Two-loop renormalization of fermion bilinear operators on the lattice

TL;DR

This paper presents the first two-loop lattice calculations of renormalization functions for fermion bilinear operators, providing crucial data for matching lattice QCD results with continuum schemes like MS-bar.

Contribution

It introduces the first two-loop computation of fermion bilinear operator renormalization on the lattice, including flavor singlet and non-singlet cases, using the RI' scheme and generalized to arbitrary fermion representations.

Findings

Two-loop renormalization functions for fermion bilinear operators computed.

Results expressed as functions of coupling, $c_{SW}$, $N_c$, and $N_f$ in Feynman gauge.
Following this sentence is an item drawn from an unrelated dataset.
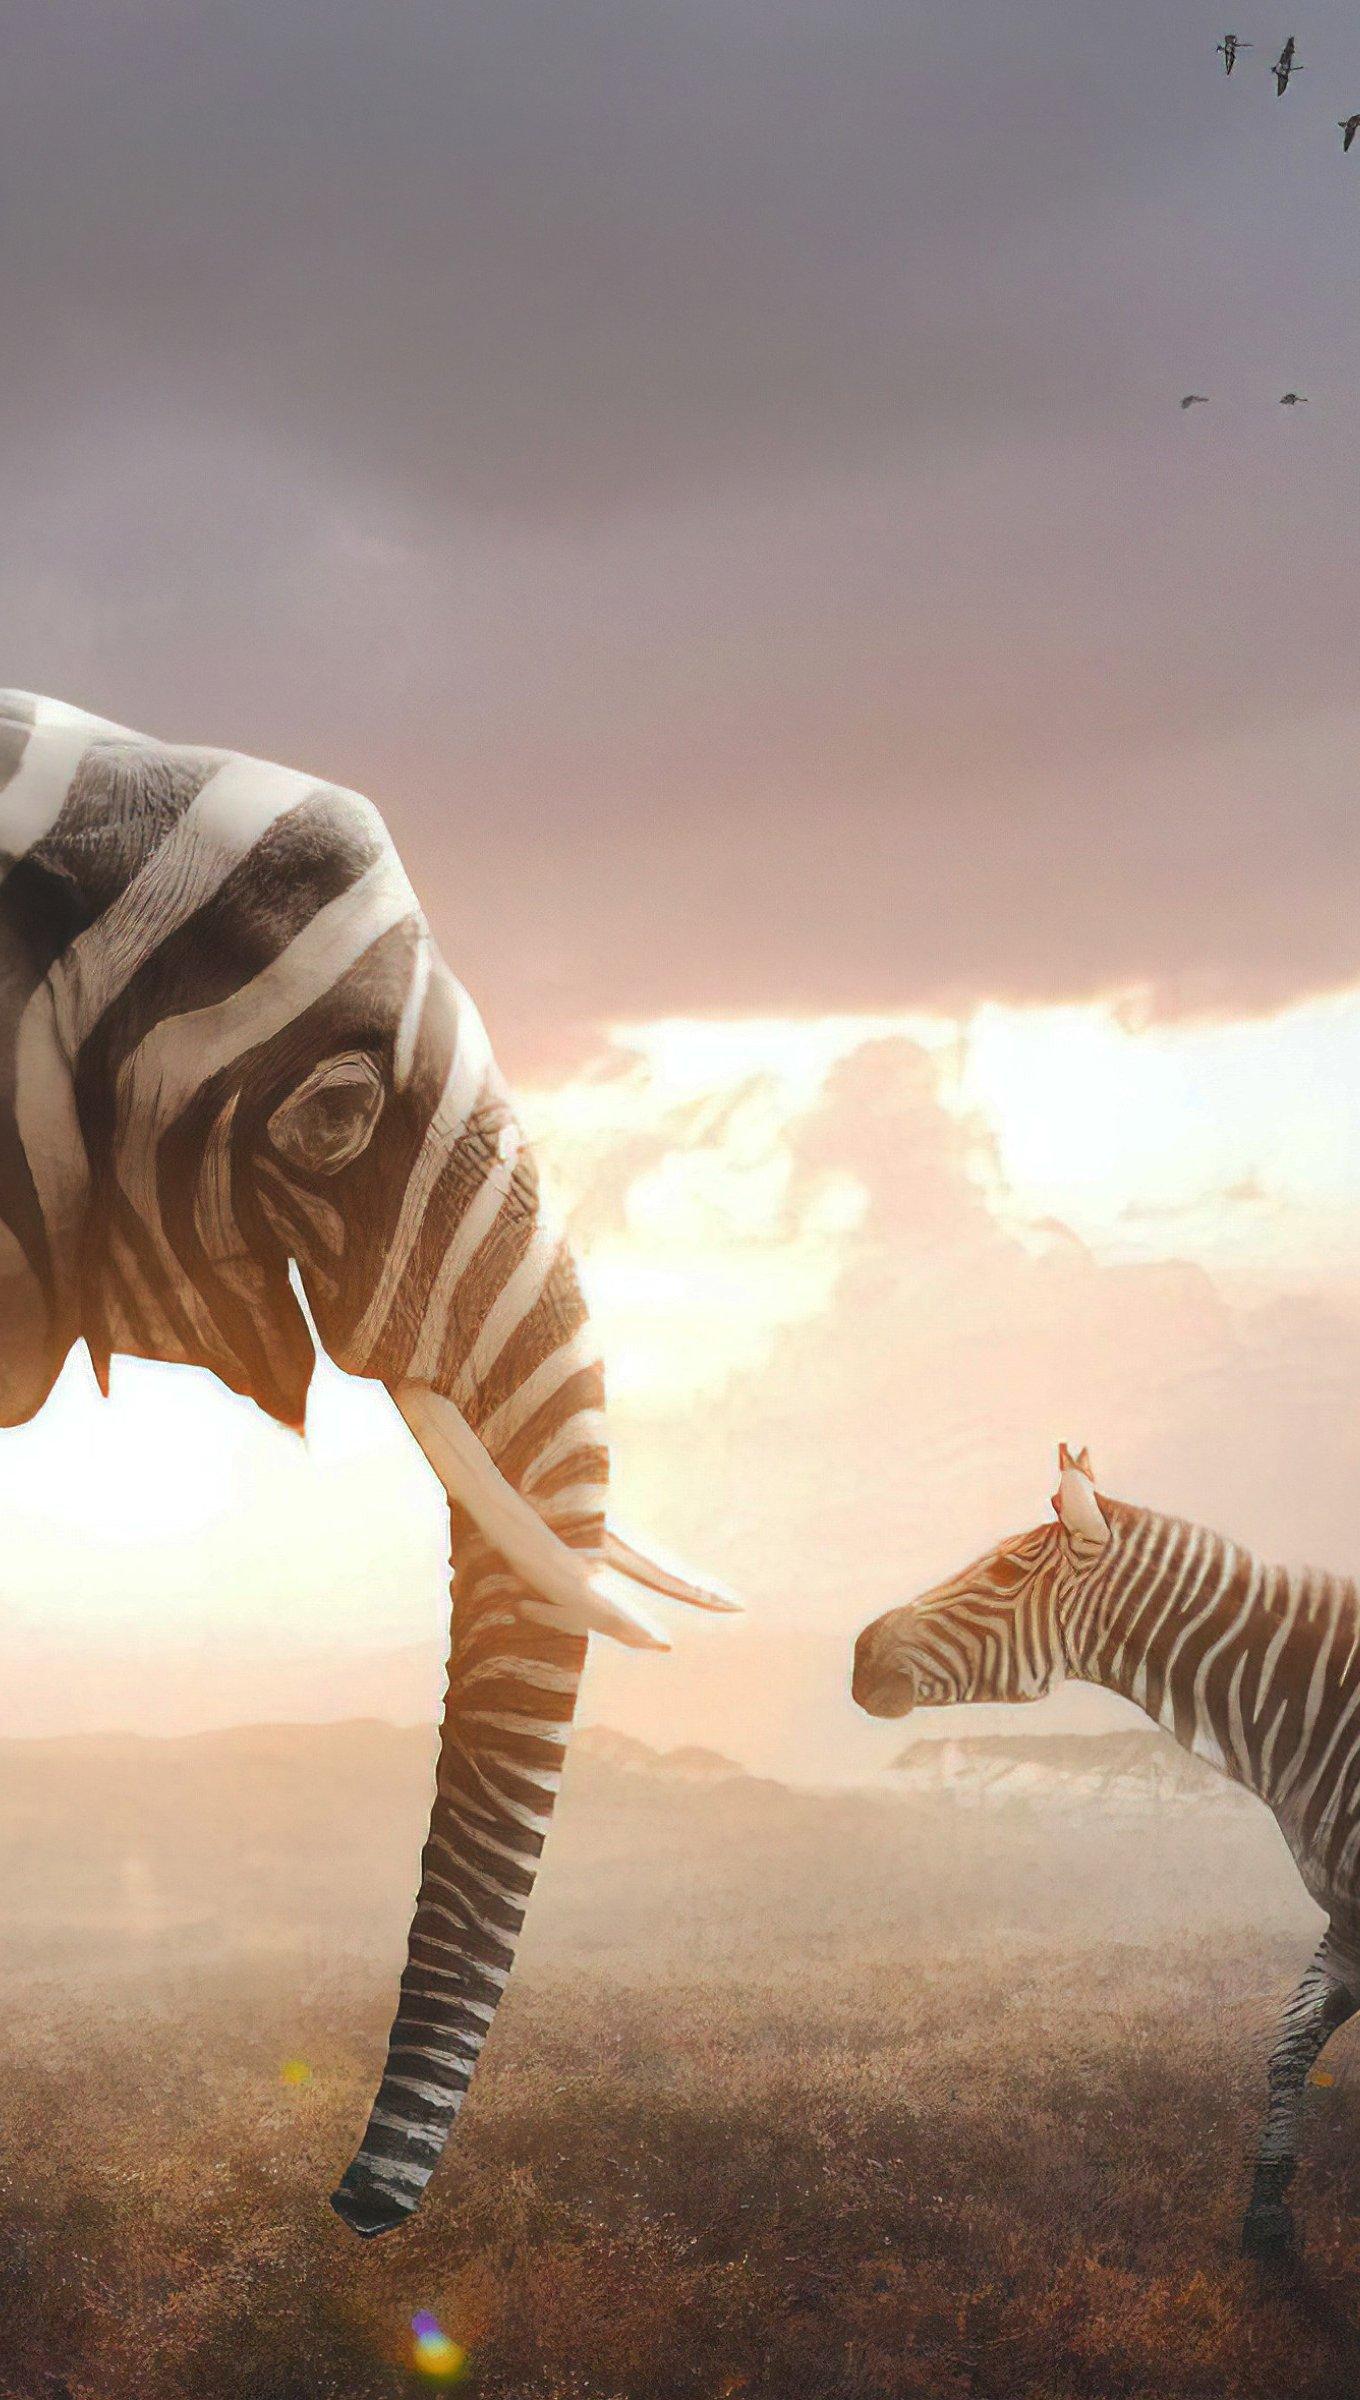 Fondos de pantalla Elefante y Cebra Vertical

Results provided in both RI' and MS-bar schemes.

Abstract

We compute the renormalization functions on the lattice, in the RI' scheme, of local bilinear quark operators $\bar{\psi}\Gamma\psi$, where $\Gamma= 1, \gamma_5, \gamma_\mu, \gamma_5\gamma_\mu, \gamma_5\sigma_{\mu\nu}$. This calculation is carried out to two loops for the first time. We consider both the flavor non-singlet and singlet operators. As a prerequisite for the above, we compute the quark field renormalization, $Z_\psi$, up to two loops. We also compute the 1-loop renormalization functions for the gluon field, $Z_A$, ghost field, $Z_c$, gauge parameter, $Z_\alpha$, and coupling constant $Z_g$. We use the clover action for fermions and the Wilson action for gluons. Our results are given as an explicit function of the coupling constant, the clover coefficient $c_{SW}$, and the number of fermion colors ($N_c$) and flavors ($N_f$), in the renormalized Feynman gauge. All 1-loop quantities are evaluated in an arbitrary gauge. Finally, we present our results in the MS-bar scheme, for easier comparison with calculations in the continuum. We have generalized to fermionic fields in an arbitrary representation. Some special features of superficially divergent integrals, obtained from the evaluation of two-loop Feynman diagrams, are presented in detail in Ref. 1.